Редакция областной молодежной газеты: коридор с пестрым линолеумом и рядом дверей по одной стороне. Многие из них открыты, так что видны сидящие за столами и на столах, за пишущими машинками и с телефонными трубками, в основном молодые люди и в основном в светлых сорочках с закатанными рукавами. Словом, все так, как и должно быть в солнечный майский день в редакции областной молодежной газеты: одни увлеченно работают (пишут, печатают, слушают), другие не менее увлеченно острят в трубку, или смотрят в окно, или просто переговариваются друг с дружкой. Все, все как обычно – с неким постоянным внутренним оглядыванием на зеркало, а точнее, на некий никем не виденный образец, и при желании даже действительно можно поверить, что действие будто бы происходит в средней респектабельности среднеамериканской газете и все сейчас снимается на кинопленку, а фильм потом пройдет в одном кинотеатре на 49-й улице, с приглашением на премьеру режиссера и исполнительницы главной женской роли – отдельные номера в «Хилтоне», прикрепленный «шевроле», приличные суточные и сногсшибательная гидша-креолка (Гудзон, музей Метрополитен, чейнджь, кис ми, бэйби)...
Впрочем, все это уже из другой – оптимистической – трагедии, а мы вернемся в эпос, в редакцию, к первому от лифта кабинету, из которого сейчас доносится голос завотделом спорта (и, как водится, предельно неспортивного и одышливого) Шурика Червова:
– Алло! Алло! Да говорите вы! Черт, прервали! – и в открытую дверь: – Кто-нибудь помнит код Березовска?
– Три семерки!
– Как-как?
– Три семерки и два беляша!
– Балбес. Так-так-так. Какой же код Березовска?
– Старичок, сунь пальчик в дырочку и набери ноль семь. Тетя тебе все и расскажет.
– Сунь пальчик – будет зайчик!
– Пошляки!
И примерно через минуту настоящий крик души:
– Ну кто-нибудь в этой дурацкой конторе скажет мне код Березовска?!
Камера отъезжает, проскальзывает по кнопке пожарной сигнализации в простенке, еще трем открытым дверям (где все как обычно и как и должно быть) и притормаживает у щелочки последнего перед поворотом вправо кабинета, откуда пробивается металлический лай явно какого-то строительного начальника: это Витюша Бельский расшифровывает с диктофона запись очередного эпохального «круглого стола» (строк 300, рублей 25), которую потом только он с женой и прочтет, и вырежет, и поместит в пухлую папочку – на века.

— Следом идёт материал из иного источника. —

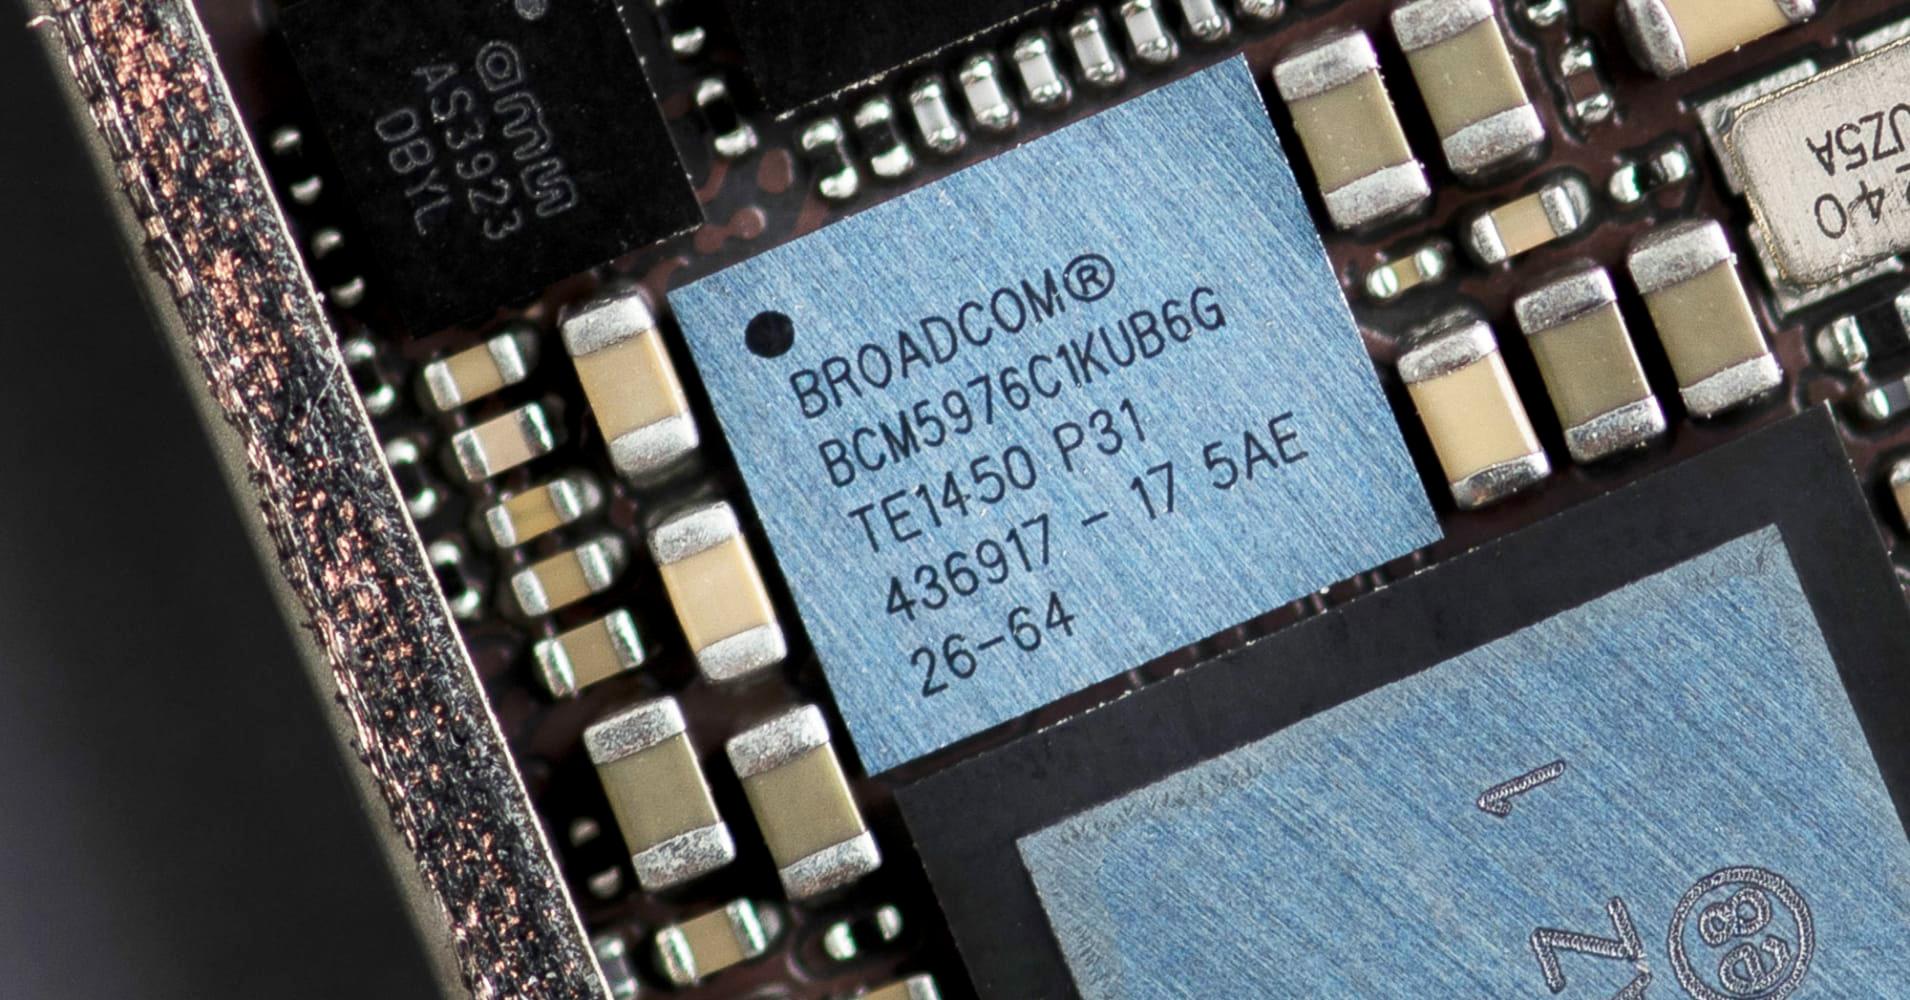 https://www.macfreak.nl/modules/news/images/zArt.BroadcomChip.jpg

Следующий кадр – двери туалетов. На ближнем, мужском, полуотклеившийся газетный заголовок: «Моей души предел желанный». На женском – фотография Катрин Денев. Если хотите, можно заглянуть и внутрь. Не знаю, что вы увидите в женском, а в мужском – неприличную картинку на стене и писсуар, запасливо забитый толстой пачкой серой бумаги – сомнительное преимущество такого рода учреждений.
Двери напротив туалетов закрыты: люди в командировках («Кому-то же надо и поработать!»). В одном из кабинетов противно долго звонит телефон. Десять звонков, двенадцать. Наверняка какой-нибудь пенсионер возмущен поведением студентки третьего курса путаны Жанны Б., чья эпатажная исповедь (с редакционным комментарием, разумеется) была помещена пару дней назад. Быть, быть жаркой дискуссии – ответсек потирает руки.
Дальше – корректура. Тихая Таисия Сергеевна, поставившая, наверное, уже миллион запятых перед «что» и примерно столько же после «то», но так и не научившаяся хоть мало-мальски вникать в смысл фразы, сверяет на свежем оттиске порядок заново перелитых строчек:
– В общем, ная, нет, тить, рать, – читает она монотонно, – центов, написать, ты, ся, всем...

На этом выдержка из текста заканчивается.